··· Collected material ···

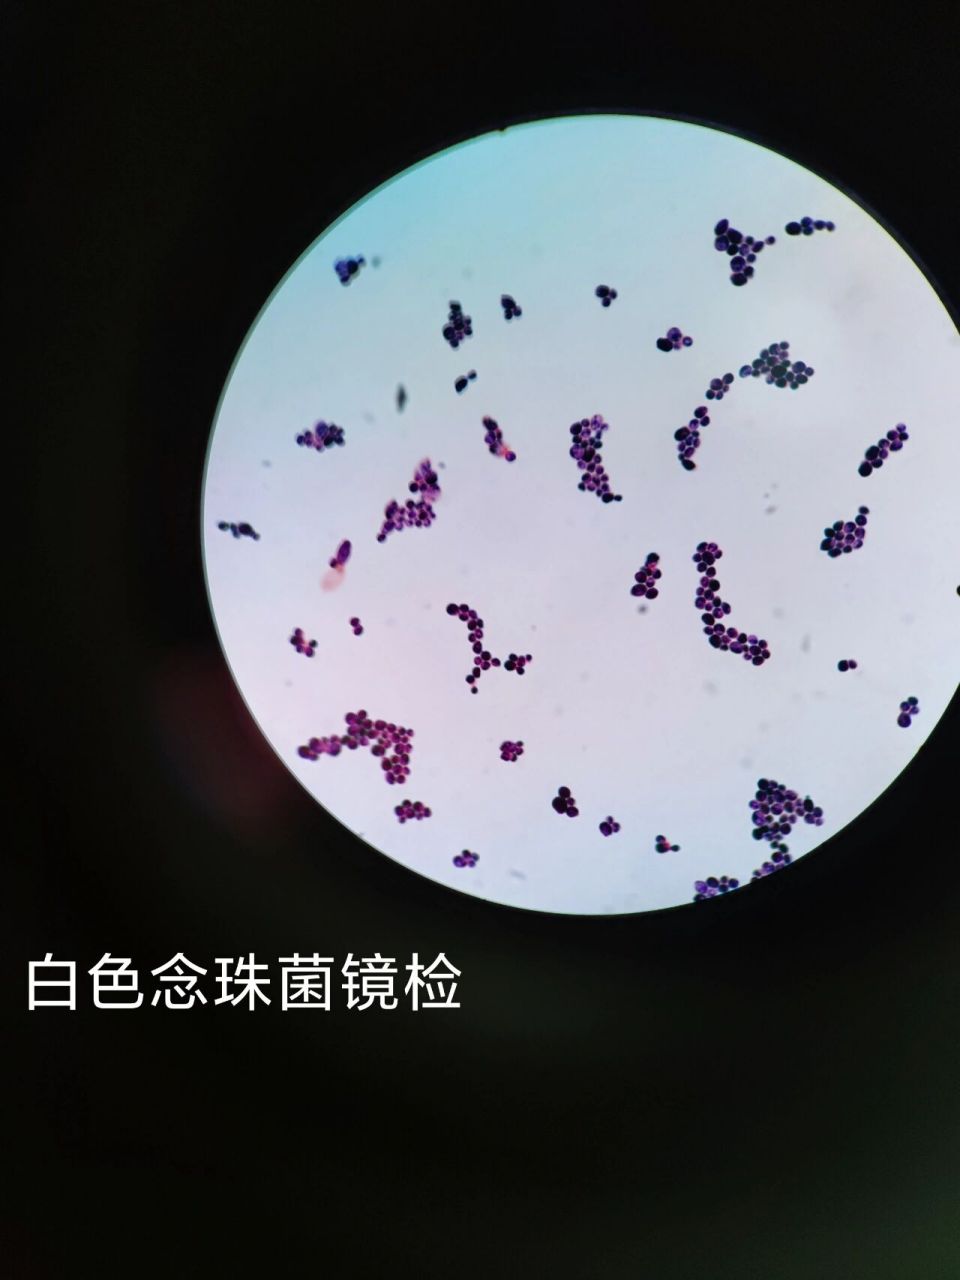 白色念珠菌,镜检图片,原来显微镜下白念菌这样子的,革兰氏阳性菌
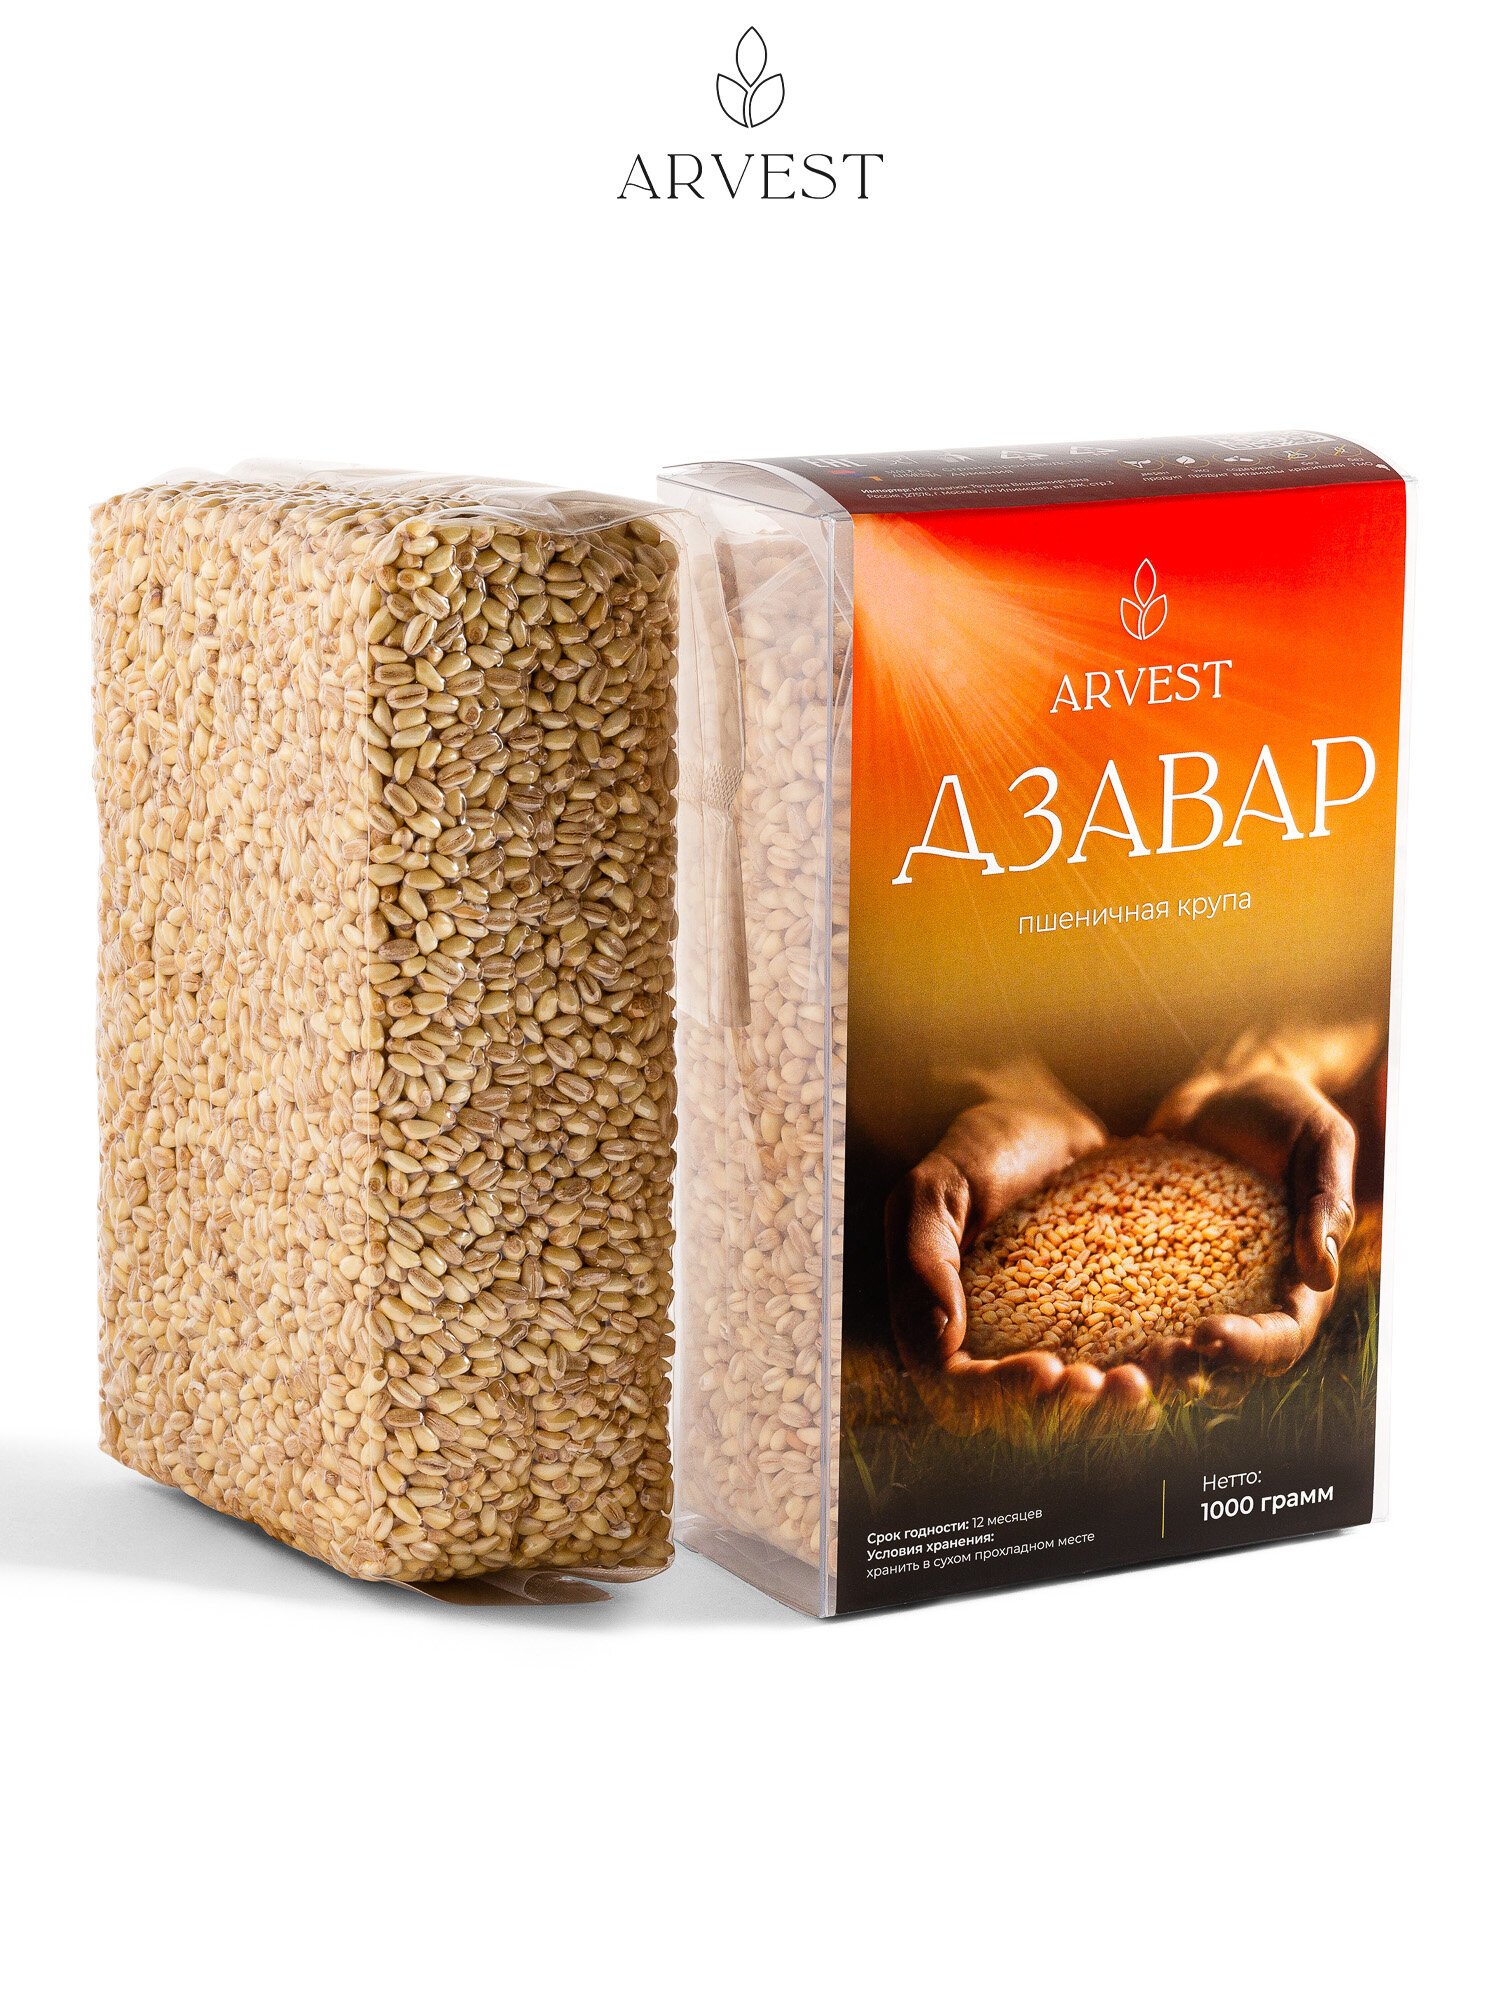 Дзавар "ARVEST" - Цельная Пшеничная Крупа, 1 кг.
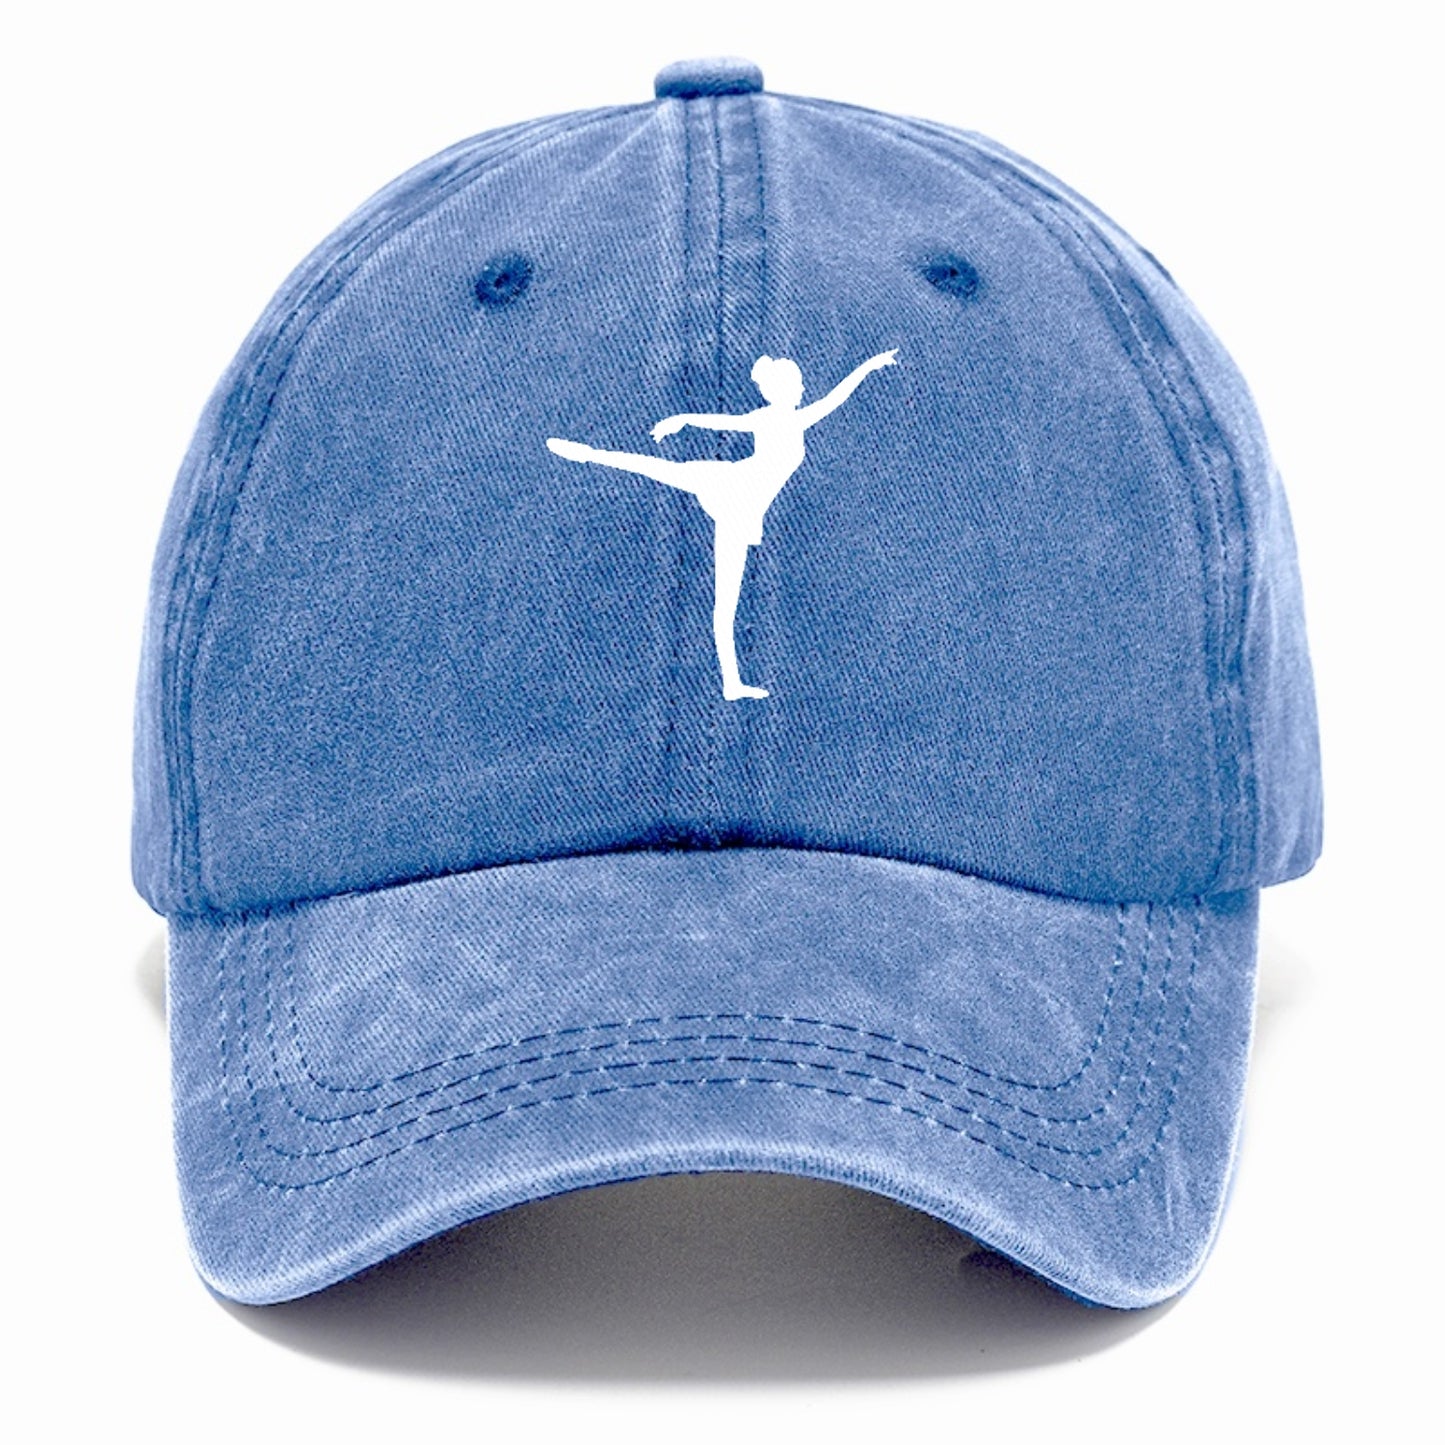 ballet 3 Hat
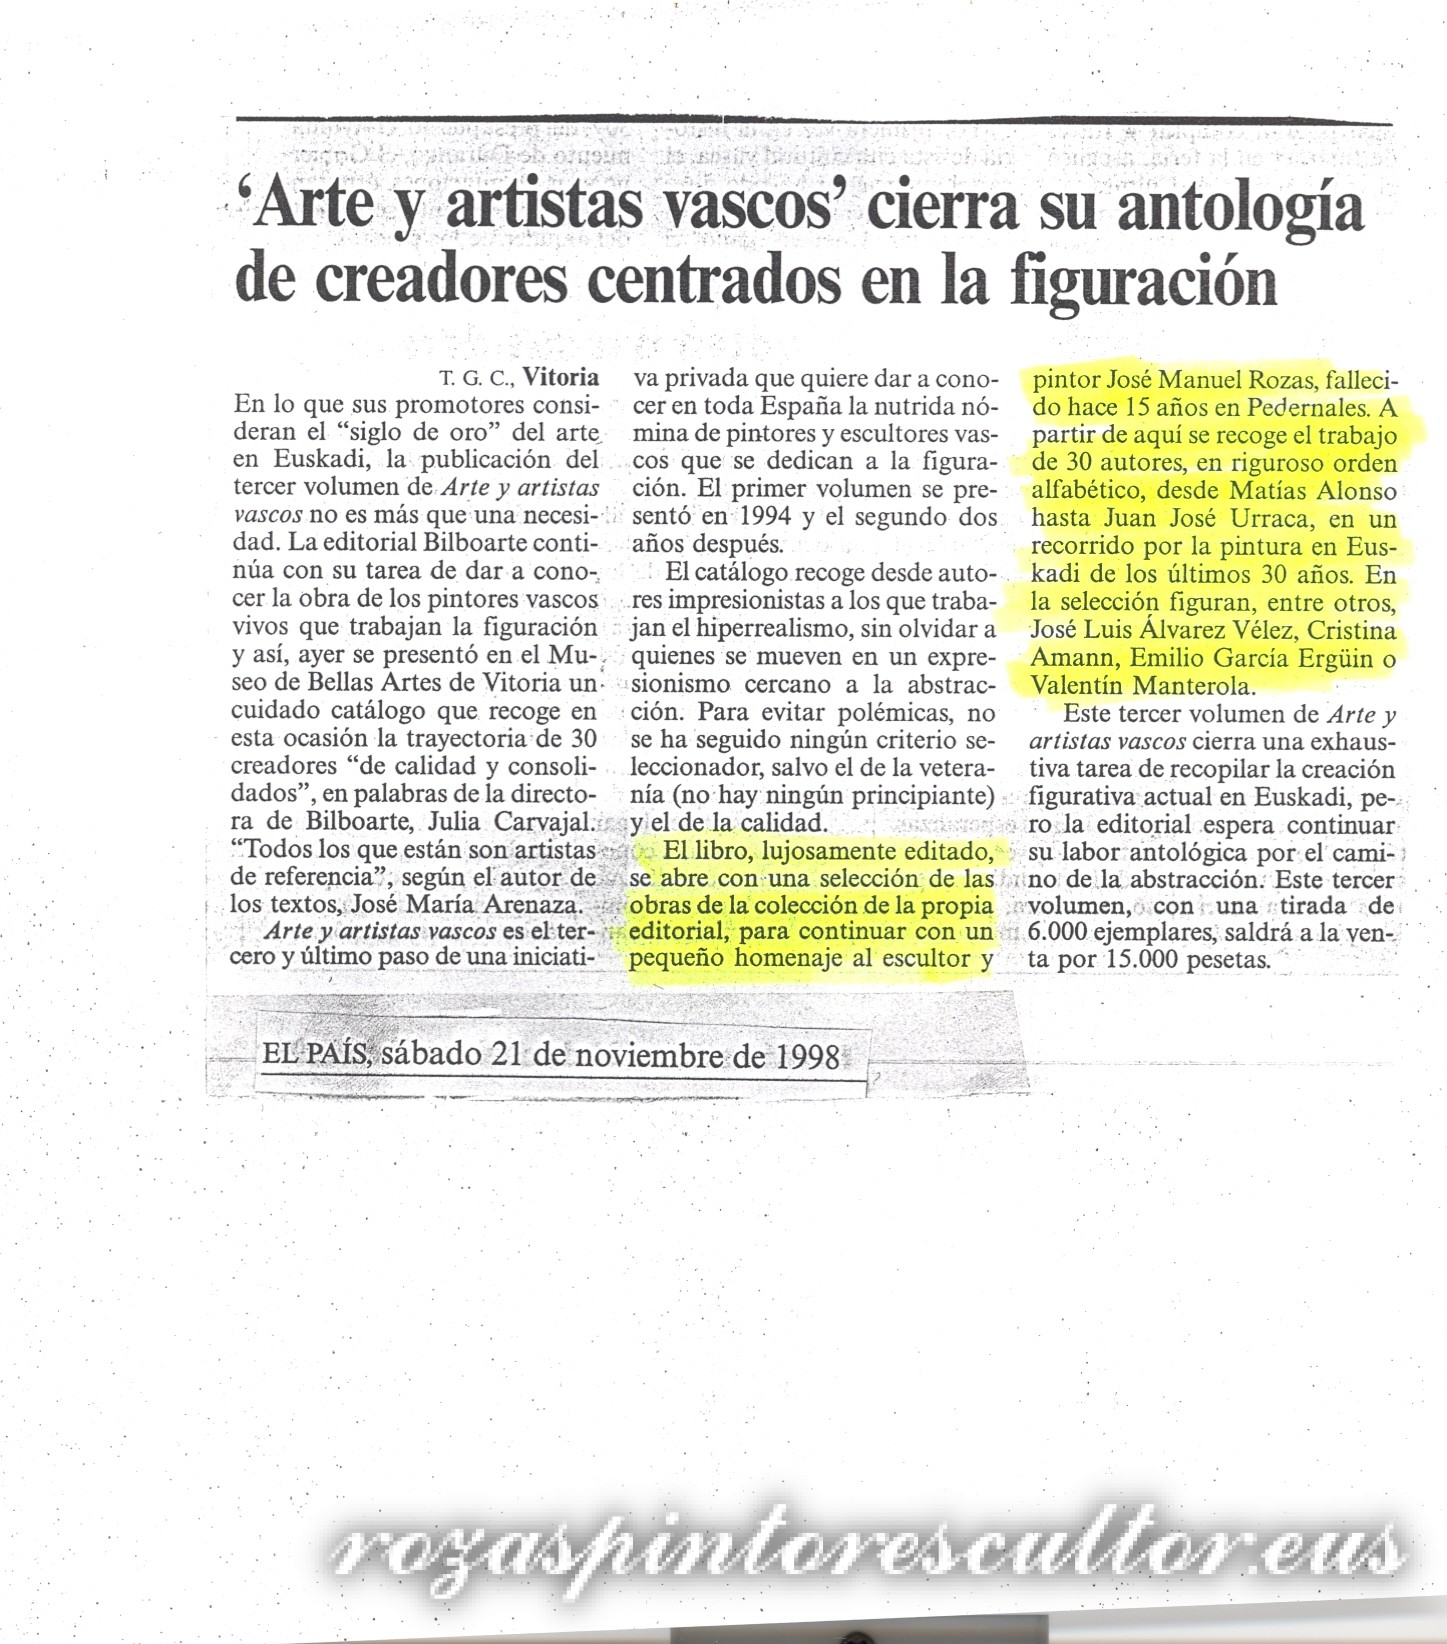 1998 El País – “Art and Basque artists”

···

Transcribe exactly the line containing "Крупа, 1 кг." and every line after it through the end of the listing above; pictures are not part of the copy.

 Дзавар "ARVEST" - Цельная Пшеничная Крупа, 1 кг.
 ballet 3 Hat
 1998 El País – “Art and Basque artists”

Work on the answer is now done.